The input.
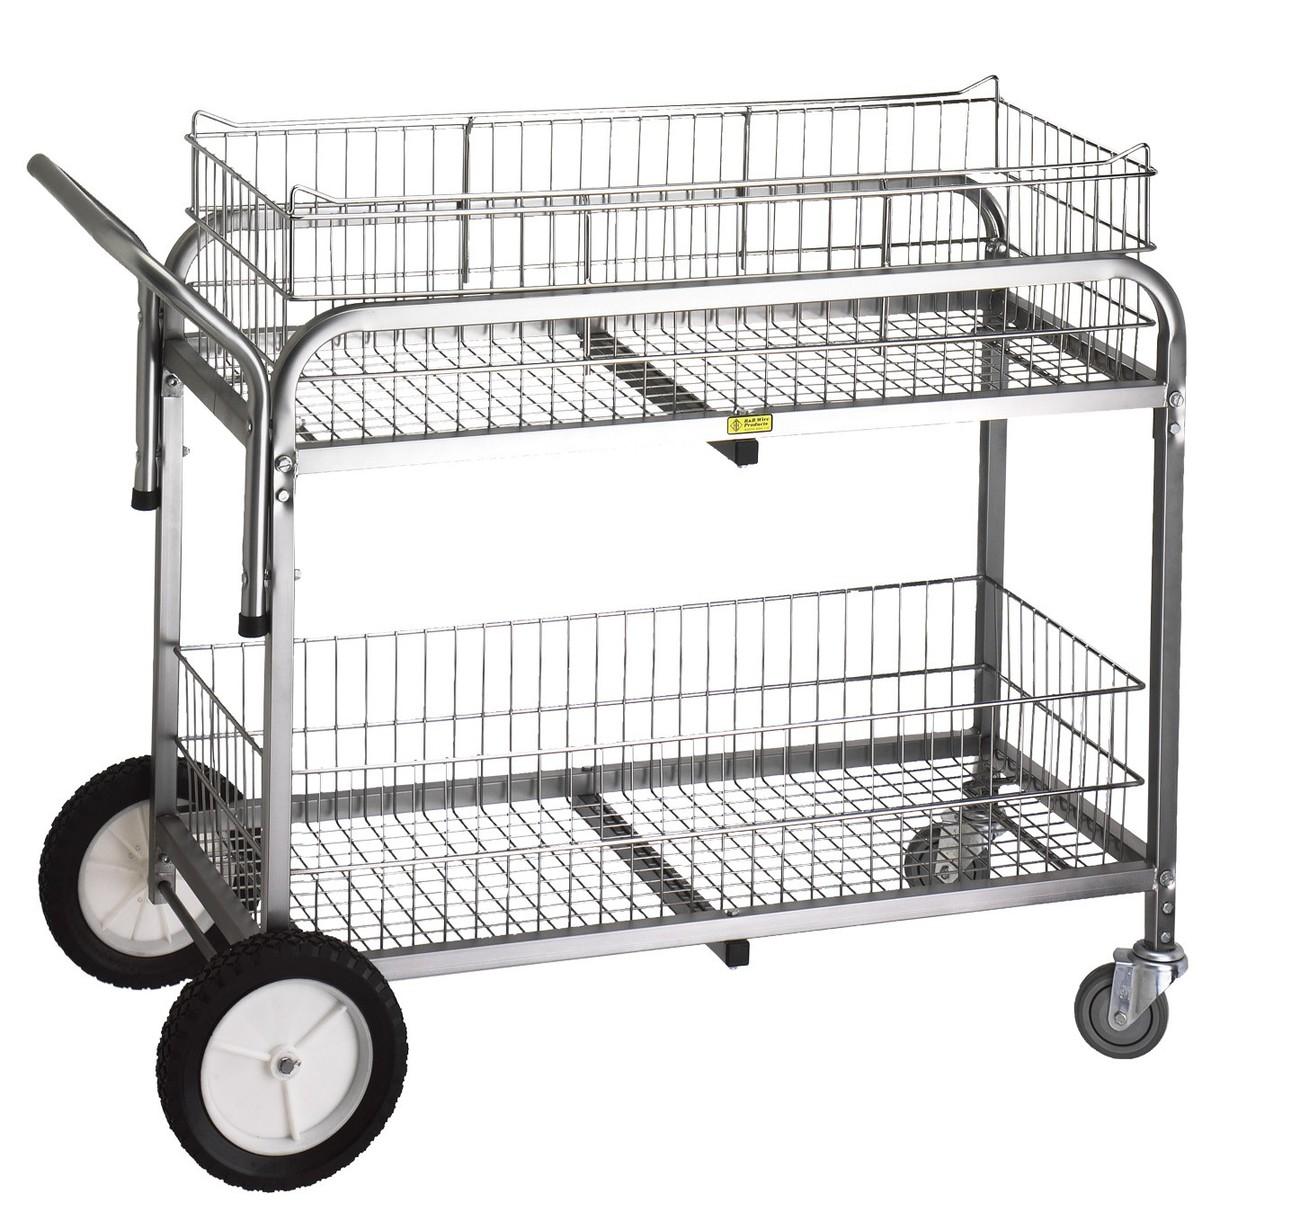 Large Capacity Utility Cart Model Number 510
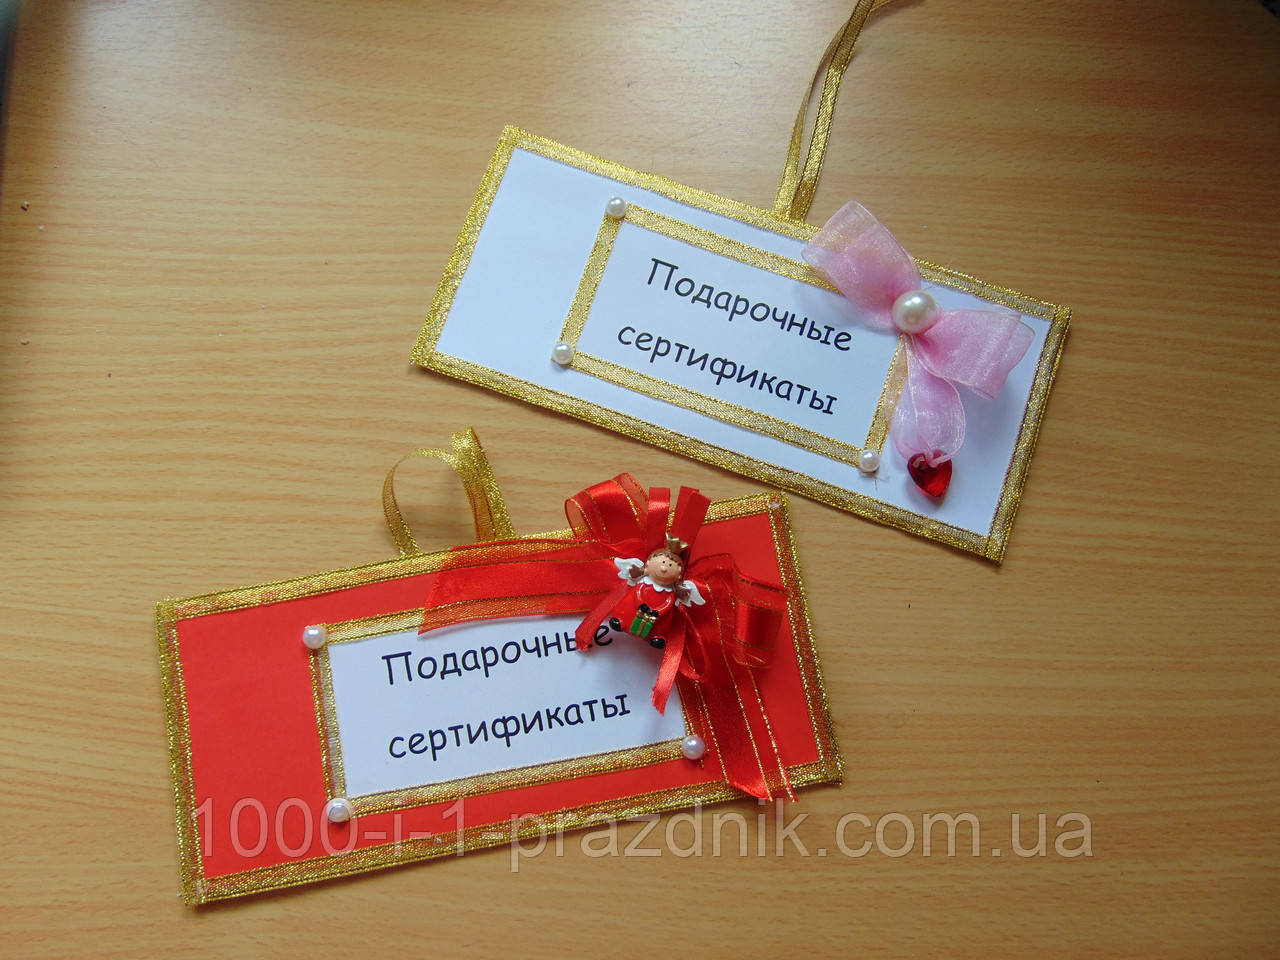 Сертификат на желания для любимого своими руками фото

* * *

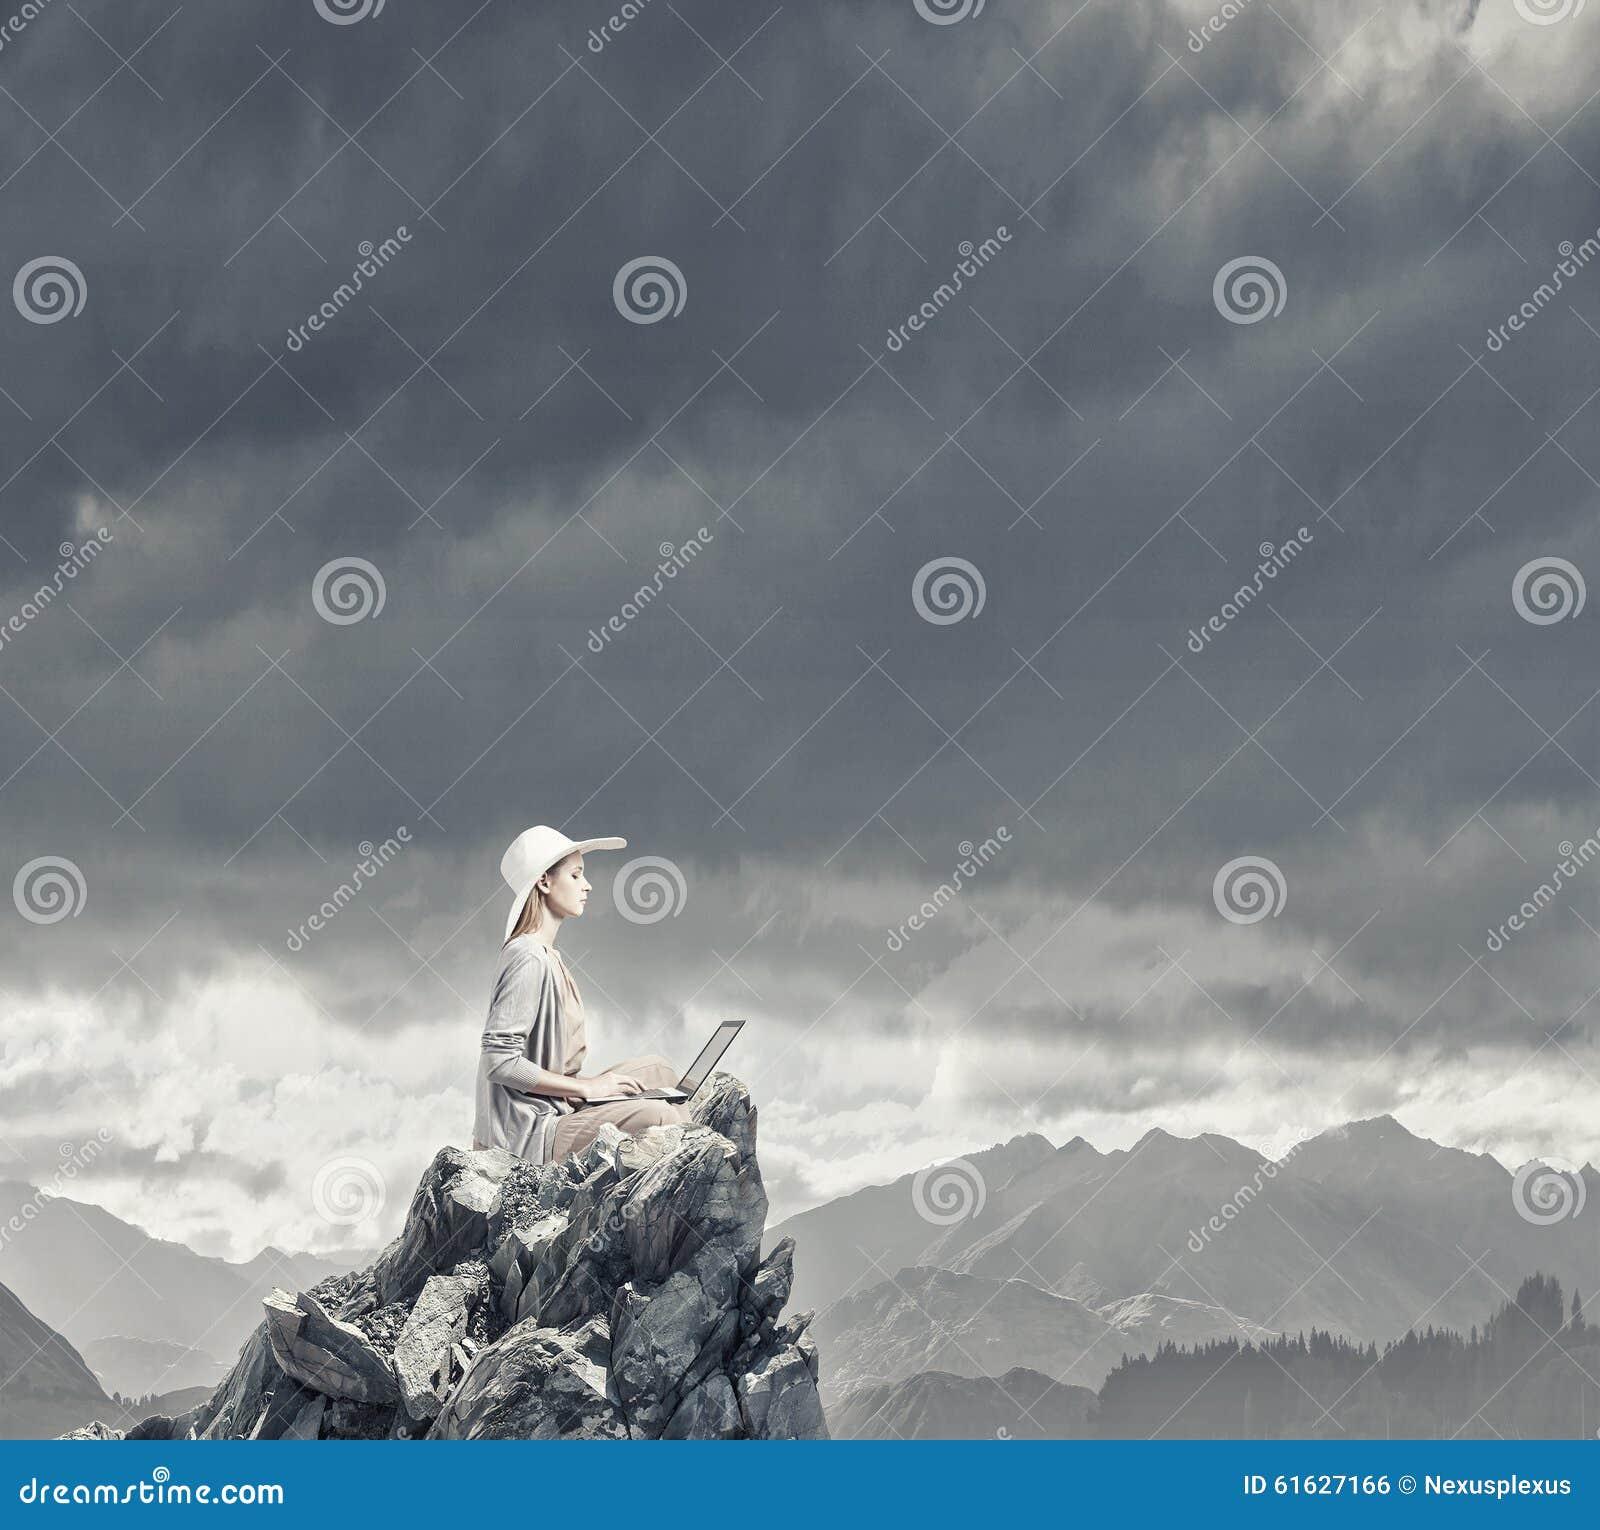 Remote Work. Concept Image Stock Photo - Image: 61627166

What you should do. From the material above, output only the span of lines that starts at the one containing "Large Capacity Utility Cart Model Number 510" and finishes at the one containing "Сертификат на желания", word for word and free of pictures.

Completed exercise.
 Large Capacity Utility Cart Model Number 510
 Сертификат на желания для любимого своими руками фото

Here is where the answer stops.